## Supplied material:
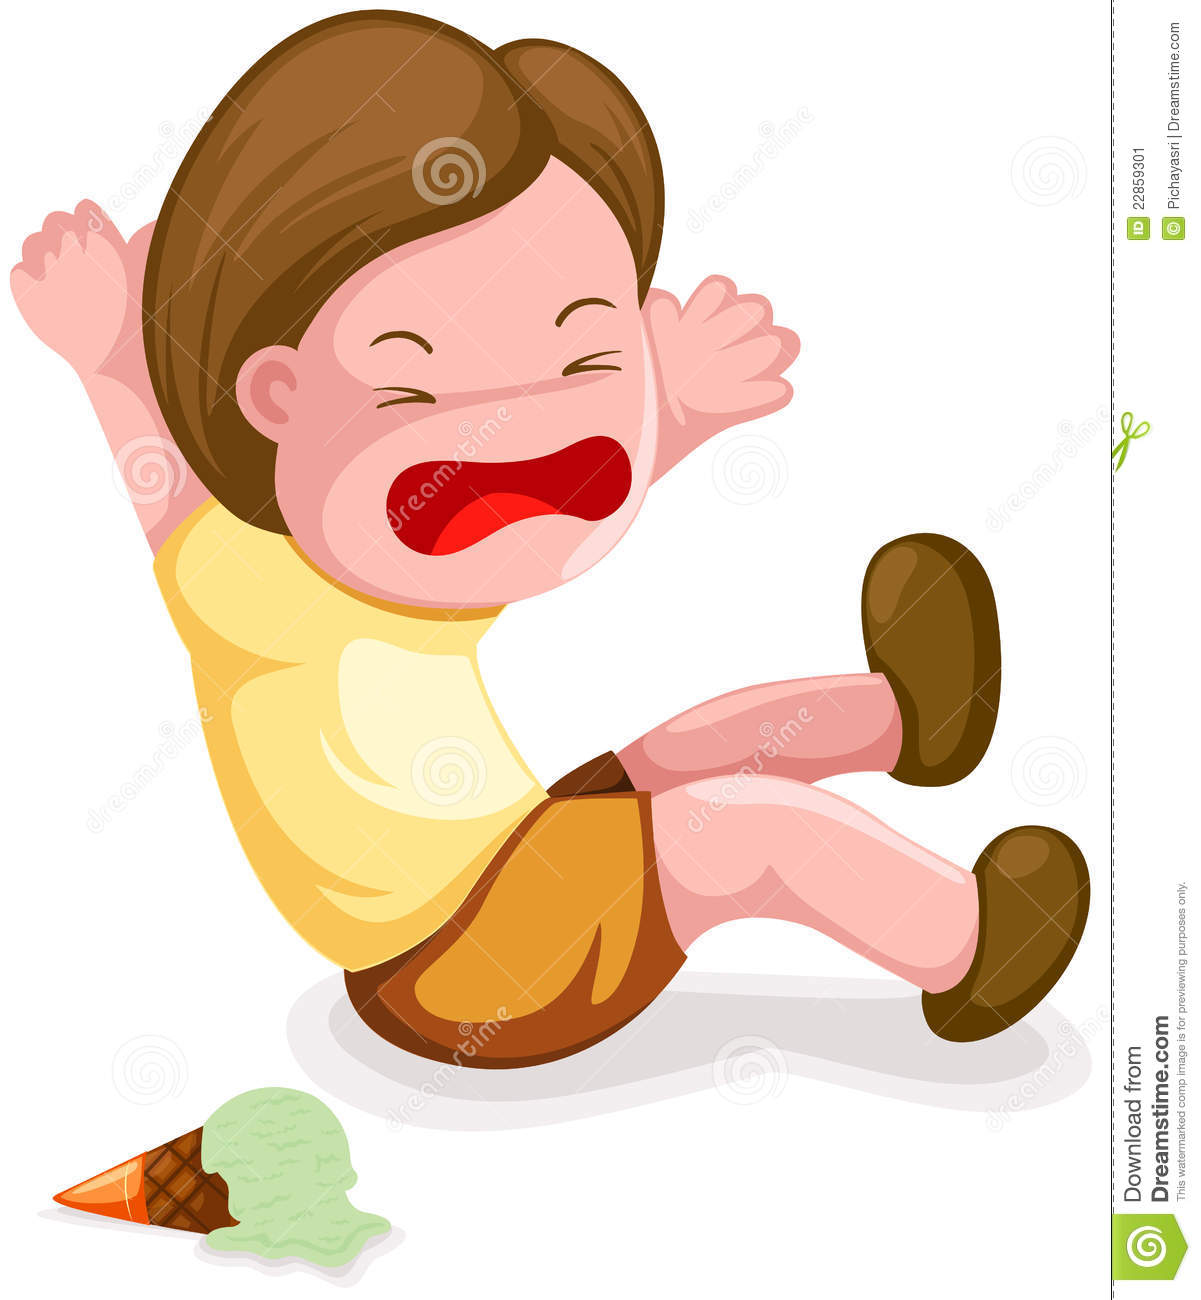 Galleries Related  Falling Clipart  Fall Down Stairs  Fall Down
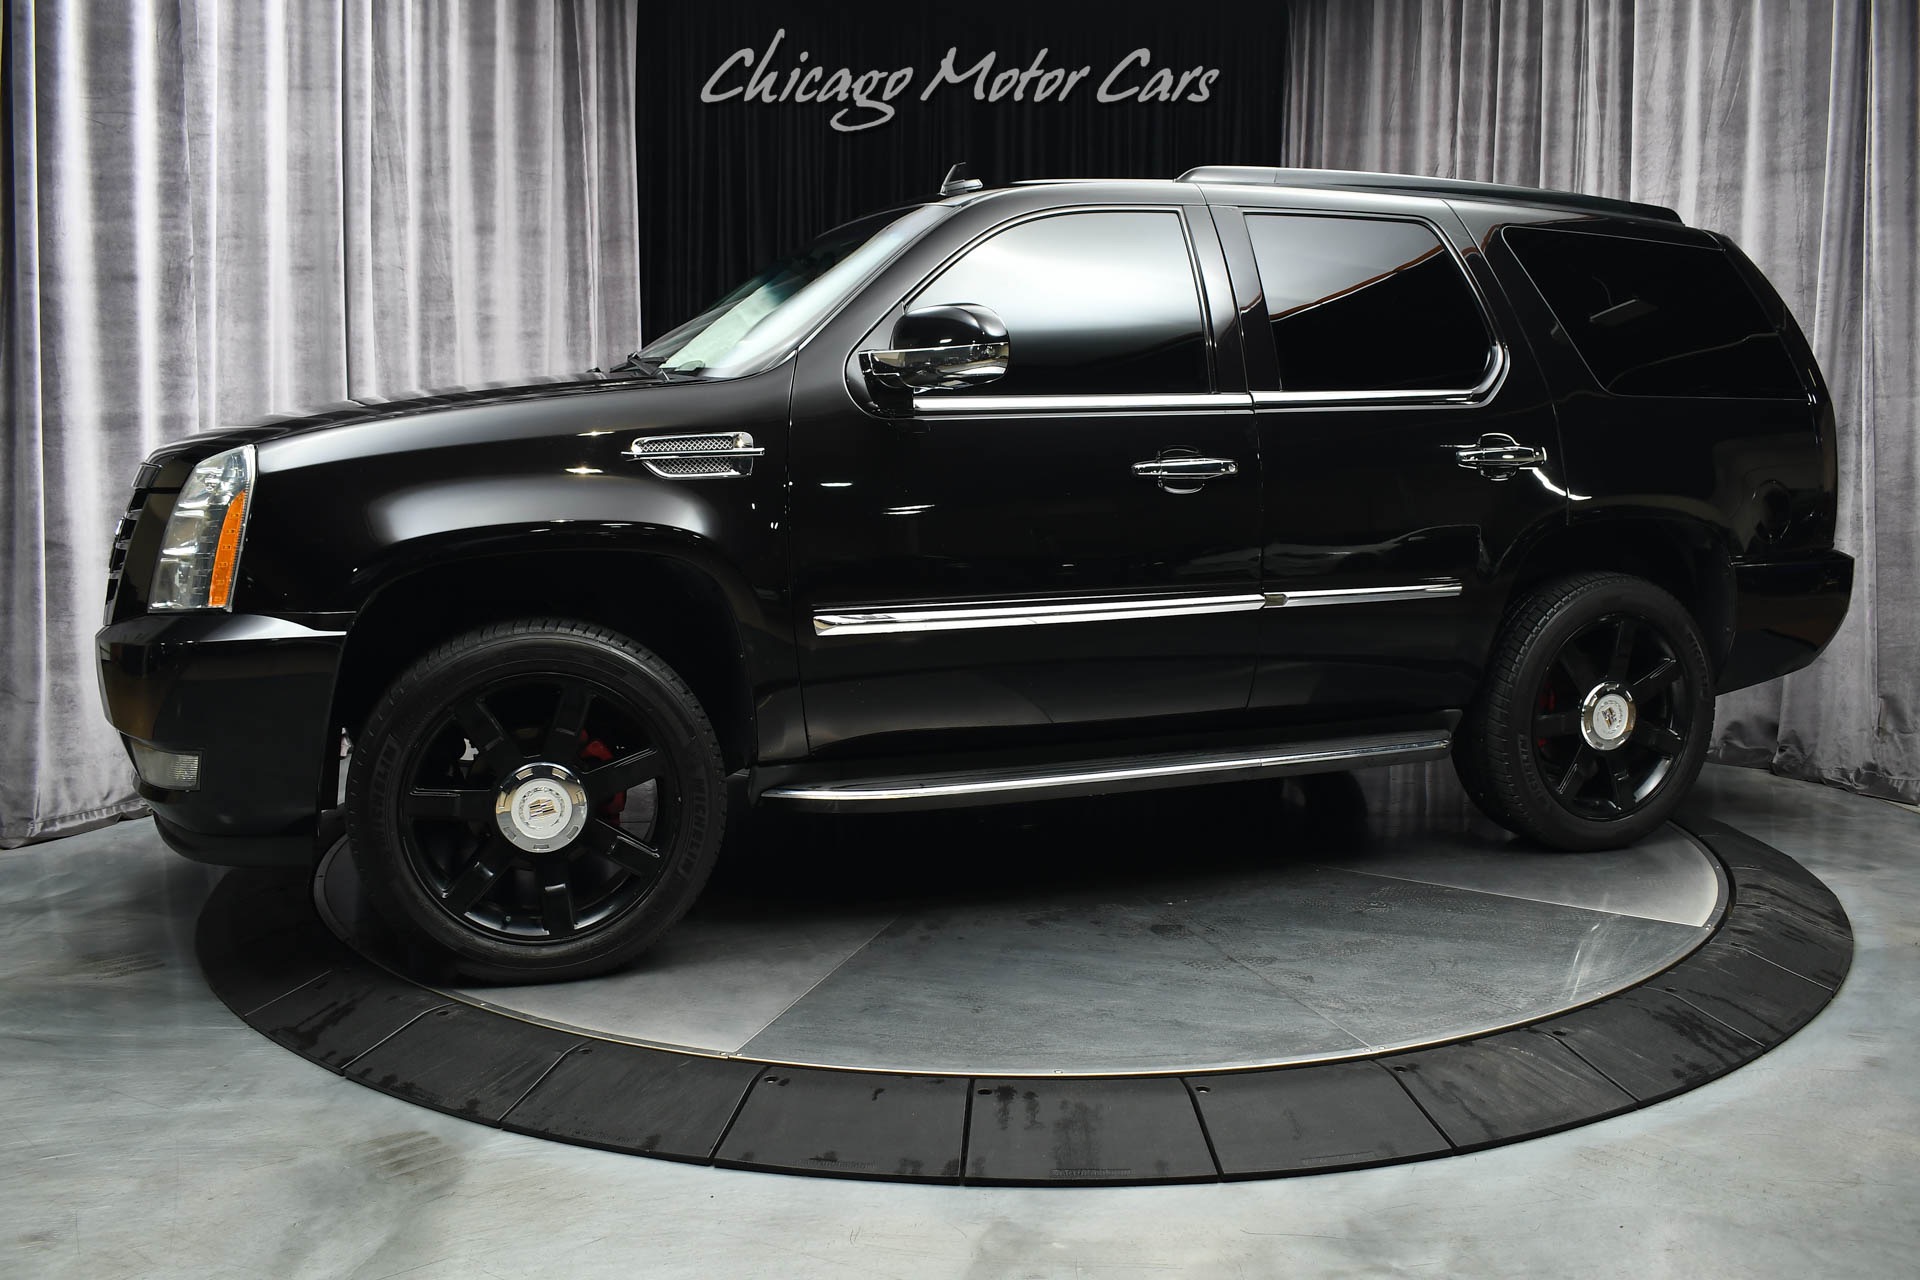 Used 2010 Cadillac Escalade SUV Rear Entertainment! Black on Black! Heated  Front & Rear Seats! For Sale (Special Pricing) | Chicago Motor Cars Stock  #19977
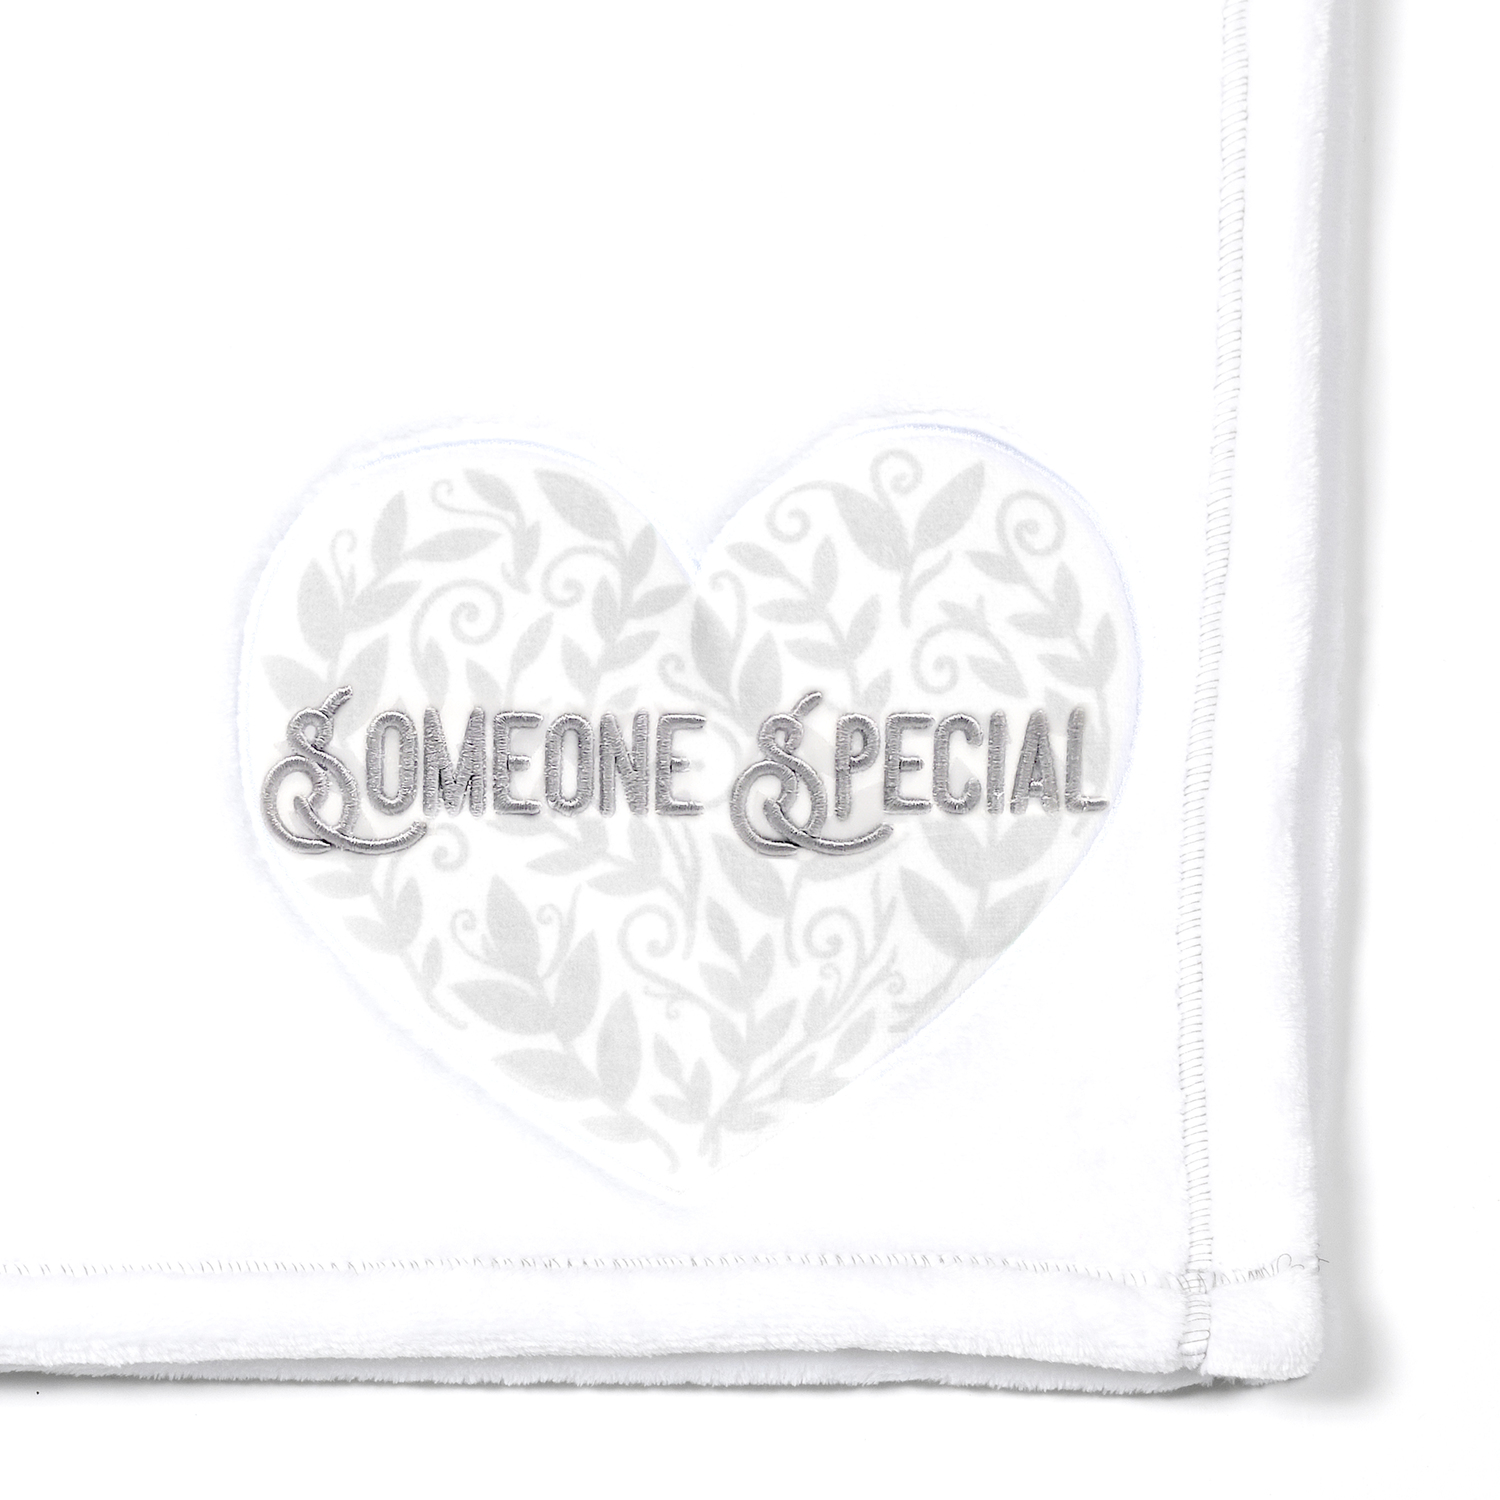 Someone Special - Vines by Comfort Blanket - Someone Special - Vines - 50" x 60" Royal Plush Blanket
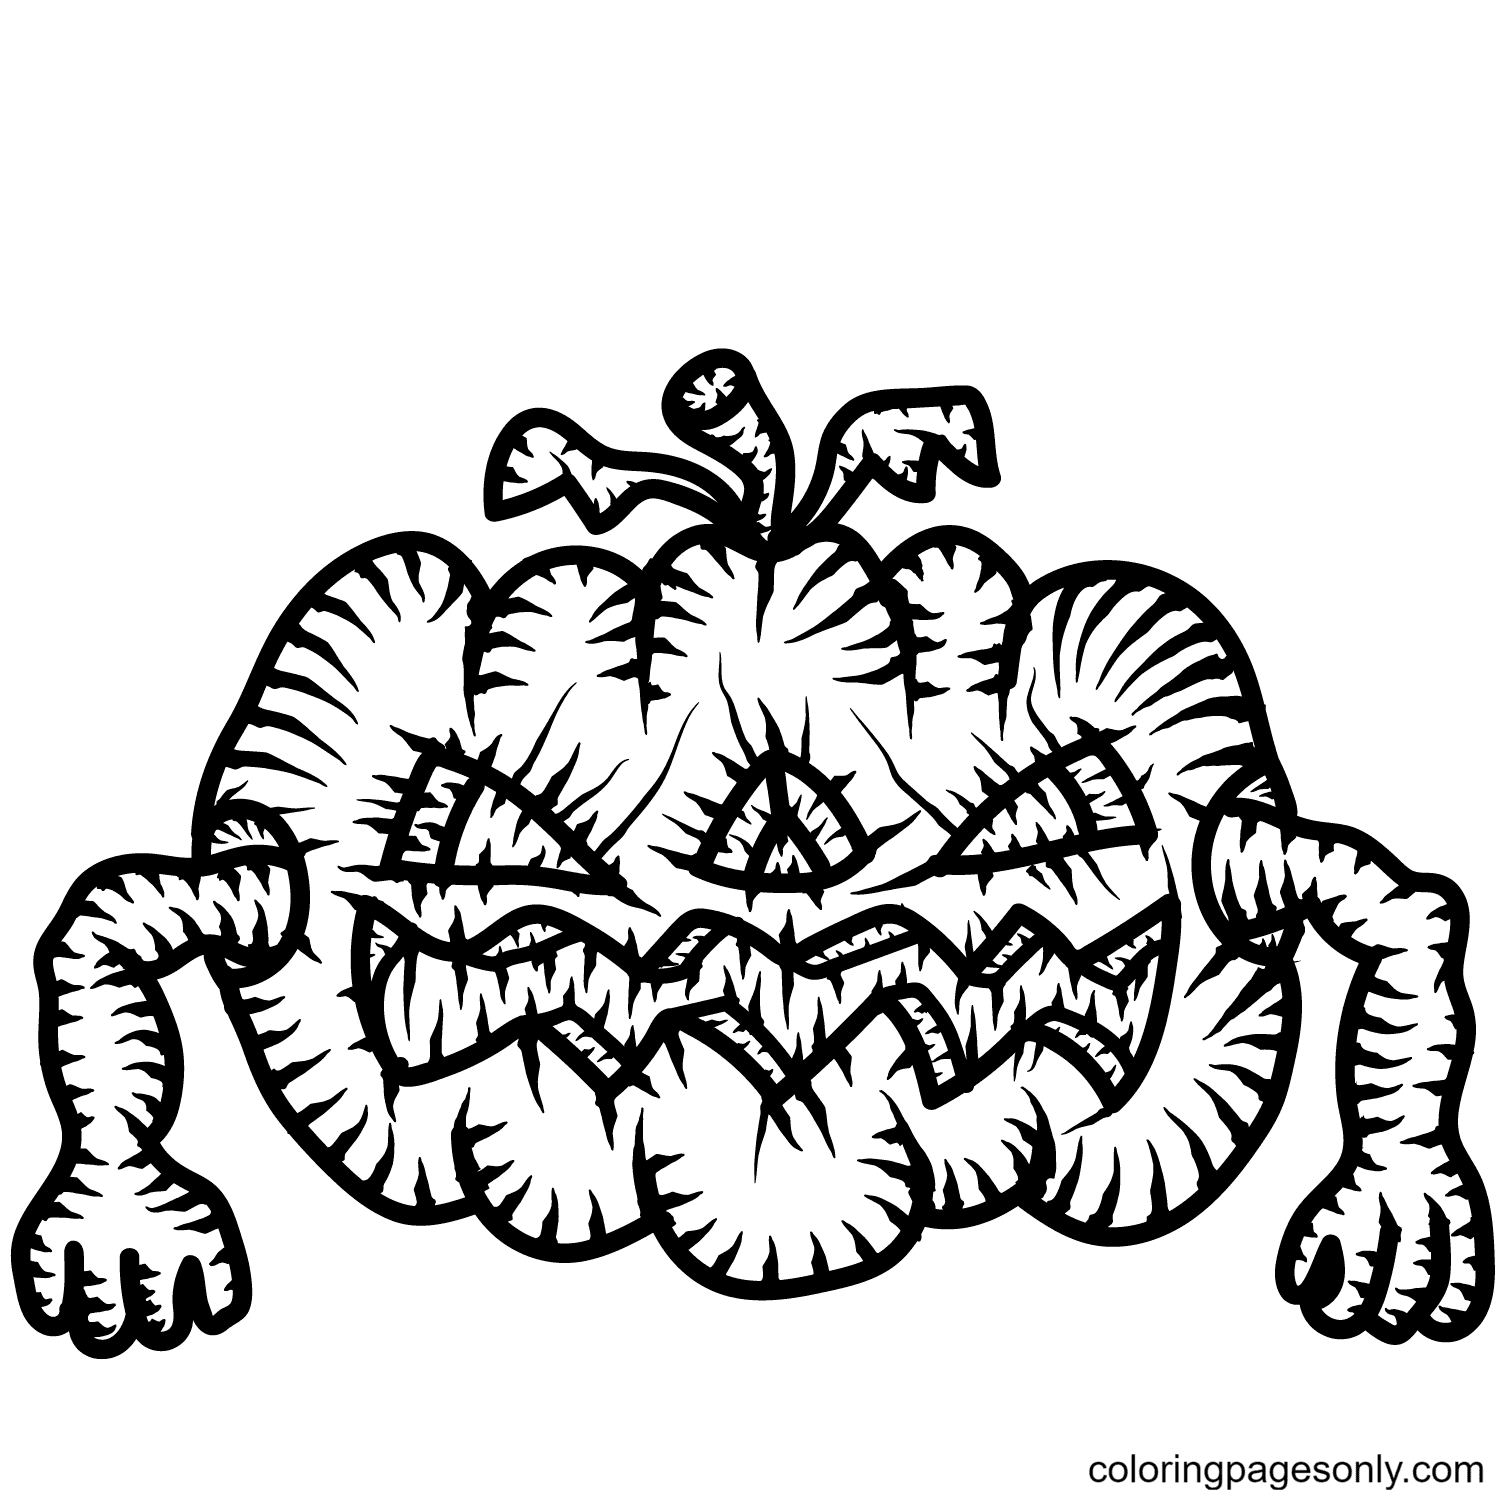 Scary Jack-o'-Lantern Coloring Pages

## Assignment:
Repeat the data exactly, excluding the pictures.

## Task solution:
 Galleries Related  Falling Clipart  Fall Down Stairs  Fall Down
 Used 2010 Cadillac Escalade SUV Rear Entertainment! Black on Black! Heated  Front & Rear Seats! For Sale (Special Pricing) | Chicago Motor Cars Stock  #19977
 Someone Special - Vines by Comfort Blanket - Someone Special - Vines - 50" x 60" Royal Plush Blanket
 Scary Jack-o'-Lantern Coloring Pages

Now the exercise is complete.